Keywords: immunology, placenta, steroid hormones, trophoblast, vitamin D


Synthesis of the active form of vitamin D by trophoblastic cells acts to enhance innate immune responses in the placenta by increasing bacterial killing and decreasing trophoblast cell death.

INTRODUCTION

The active form of vitamin D, 1,25-dihydroxyvitamin D (1,25(OH)2D), is a potent modulator of human immune responses [13]. In particular, recent studies have shown that 1,25(OH)2D promotes innate immunity by stimulating synthesis of the antimicrobial protein, cathelicidin (CAMP) [15]. This response is due to direct transcriptional regulation of the gene for CAMP [6, 7], and 1,25(OH)2D-induced CAMP expression has been demonstrated in a variety of cell types expressing the intracellular vitamin D receptor (VDR) [710]. Although this mechanism appears to play a central role in the combating infection by Mycobacterium tuberculosis [5, 8, 11], CAMP is known to be an effective inhibitor of other pathogens such as Staphylococcus aureus [1214], as well as exhibiting antiviral properties [1517]. In a similar fashion, although vitamin D-induced CAMP-mediated bacterial killing is a pivotal feature of macrophages [8, 11], an equivalent mechanism has also been described for keratinocytes following epidermal injury [9]. Thus, CAMP expression has been linked not only to tuberculosis, but other diseases, such as sepsis [18], inflammatory bowel disease [19], and inflammatory lung disease [20]. Collectively, these observations support the hypothesis that a key nonclassical function of 1,25(OH)2D is to enhance innate immunity through localized production of CAMP.

As indicated above, the ability of vitamin D to promote antibacterial activity is dependent on the expression of VDR by cells such as macrophages.

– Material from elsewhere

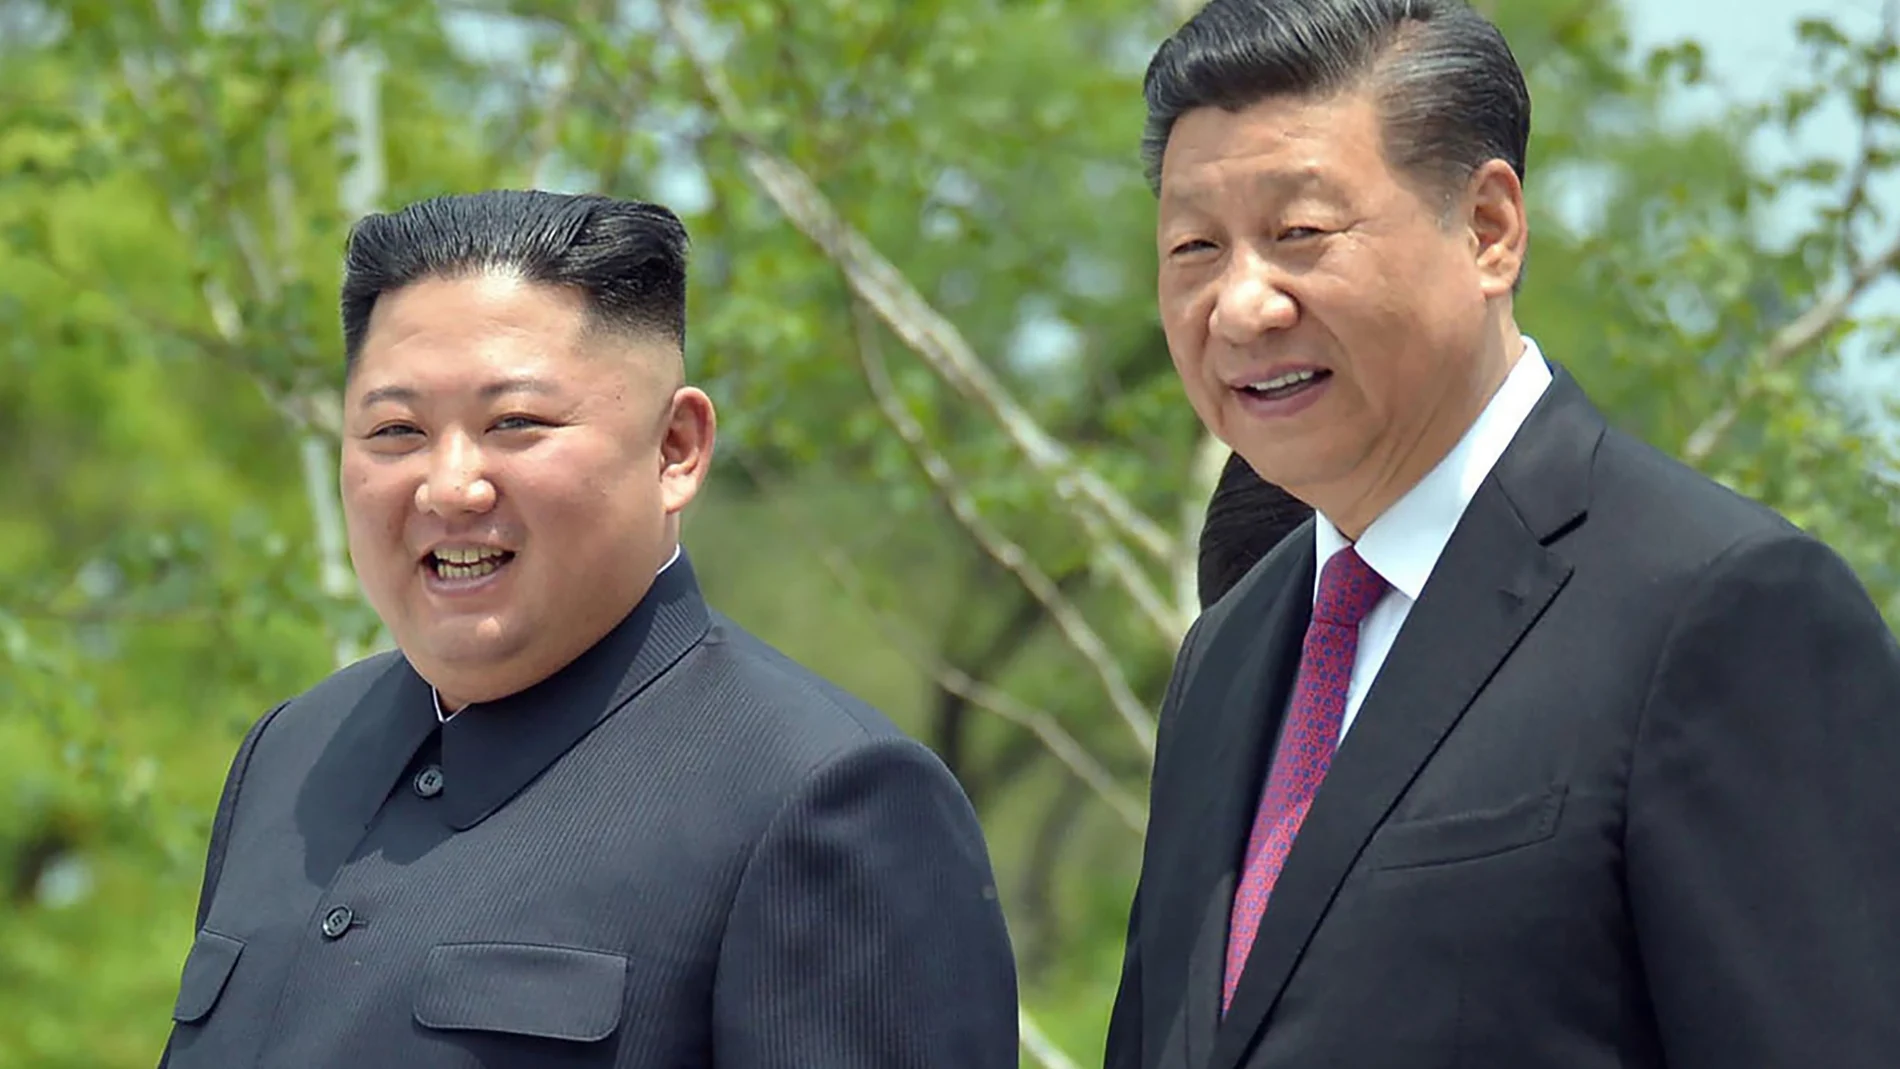 El dictador norcoreano, Kim Jong Un, junto al líder chino, Xi Jinping, en una imagen de 2019
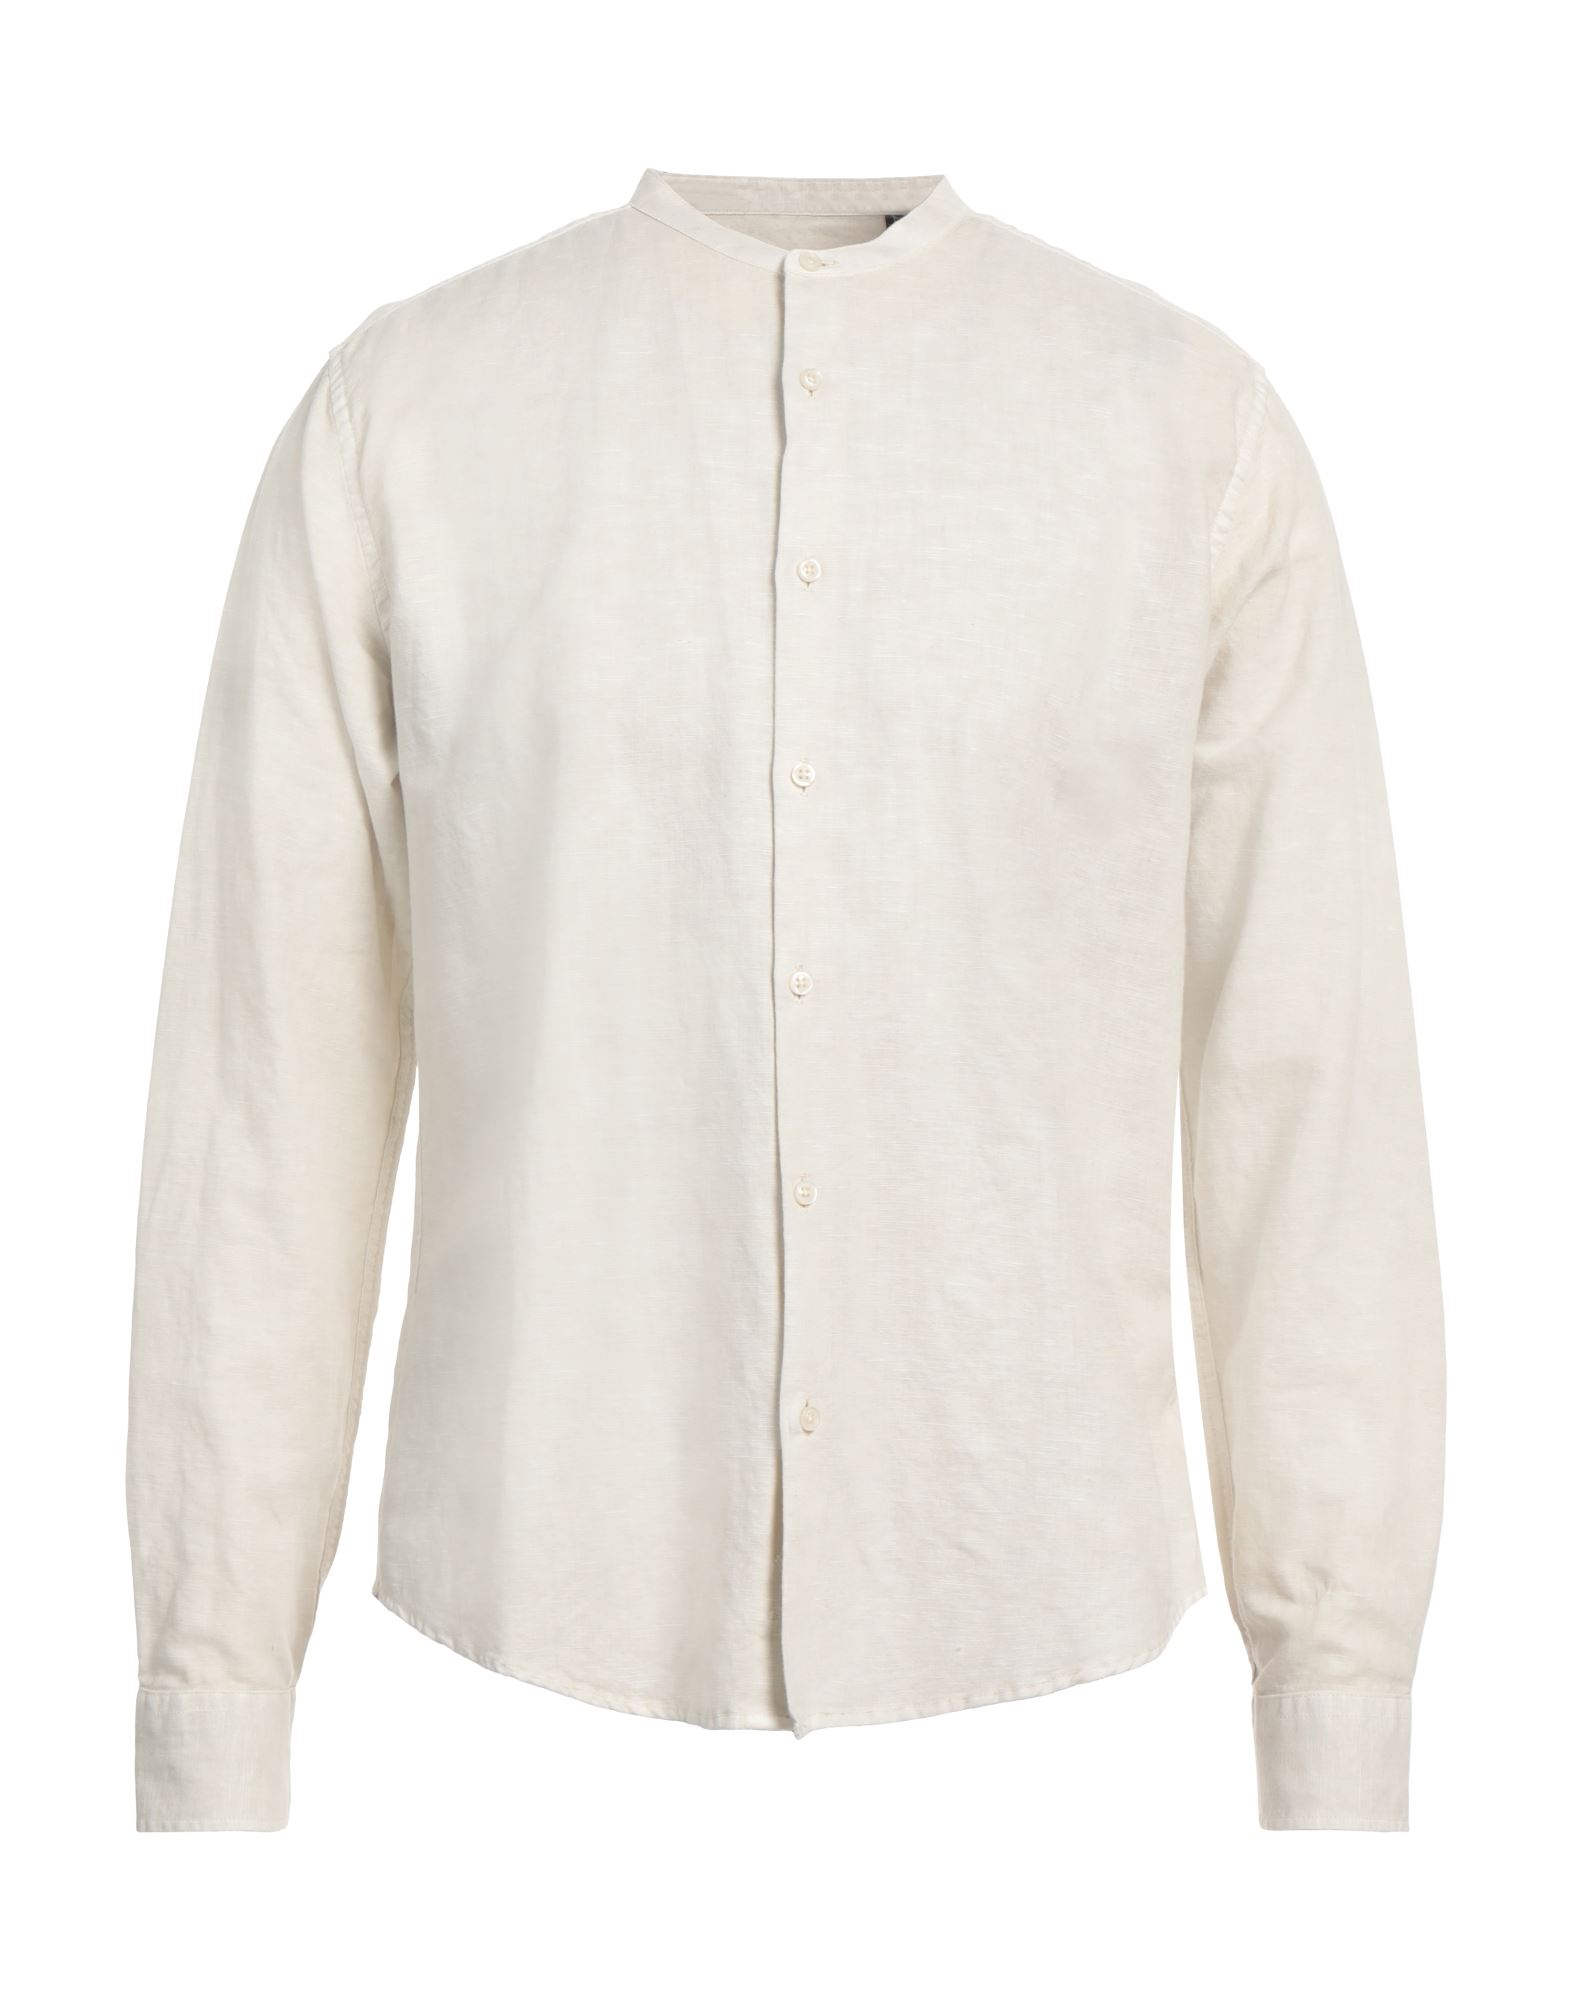 Homeward Clothes Shirts In White

The availability of ligand for the VDR may be due to endocrine production of 1,25(OH)2D in the kidneys, catalyzed by the enzyme 25-hydroxyvitamin D-1α-hydroxylase (CYP27B1), which is expressed in the proximal tubules [21, 22]. However, current data suggest that innate immune responses to vitamin D are more likely to involve an intracrine mechanism, with cells such as macrophages acting as an extrarenal site for expression of CYP27B1 and synthesis of 1,25(OH)2D [23, 24]. Consistent with this, several studies have demonstrated induction of CAMP following treatment with the inactive precursor metabolite, 25-hydroxyvitamin D (25OHD), as well as active 1,25(OH)2D [8, 9, 25].

Another key extrarenal site for expression of CYP27B1 is the placenta, with both fetal trophoblast and maternal decidua demonstrating synthesis of 1,25(OH)2D [26, 27]. Expression of placental CYP27B1 is induced early in pregnancy [28, 29], and we have postulated that a key function of the enzyme in this tissue is to support both innate and adaptive immunity in utero [29]. In previous studies, we have described intracrine induction of CAMP by 25OHD in maternal decidual cells from first-trimester human placentas [25]. Using the data presented here, we have explored this function of vitamin D in trophoblasts, a cell type closely linked to innate immune responses within the placenta [30]. Consistent with previous studies of decidual cells, trophoblasts potently expressed CAMP in response to treatment with either 25OHD or 1,25(OH)2D, confirming an intracrine mode of action. This innate immune response was similar to that observed with macrophages. In common with macrophages, the induction of CAMP by 1,25(OH)2D enhanced antibacterial responses in trophoblasts, and also abrogated the cell death that occurs following infection of these cells. However, in contrast to macrophages in which the vitamin D system is activated via Toll-like receptors (TLR), trophoblast responses to vitamin D metabolites appears to be due to constitutive expression of VDR and CYP27B1. Collectively, these data suggest that intracrine induction of placental innate immunity may be an important function for vitamin D during pregnancy.

MATERIALS AND METHODS

Cell Lines and Reagents

Human trophoblastic cell lines, 3A and JEG3, were obtained from American Type Tissue Culture Collection. Cells were cultured as adherent monolayers in modified Eagle medium (MEM; Invitrogen Life Technologies, Carlsbad, CA) supplemented with 10% fetal calf serum (FCS), 10 mM Hepes, 1 mM sodium pyruvate, and 100 nM penicillin/streptomycin (Invitrogen Life Technologies). Macrophages, 3A trophoblastic cells, JEG-3 cells, placenta explants, and primary trophoblasts were treated with 1,25(OH)2D (1–100 nM), 25OHD (1–100 nM), or vehicle (0.1% ethanol) for 24–48 h. The 3A trophoblastic cells were treated with reagents from a TLR ligand kit (Invivogen, San Diego, CA). These reagents included: Pam3CSK4, TLR1/2 agonist; HKLM, TLR2 agonist; Poly(I:C), TLR3 agonist; lipopolysaccharide (LPS) (Escherichia coli K12), TLR4 agonist; flagellin Salmonella typhimurium, TLR5 agonist; FSL1, TLR6/2 agonist; imiquimod, TLR7 agonist; ssRNA40/LyoVec, TLR8 agonist; ODN2006, TLR9 agonist. All TLR agonists were added to culture medium at the manufacturer's recommended dose (Invivogen).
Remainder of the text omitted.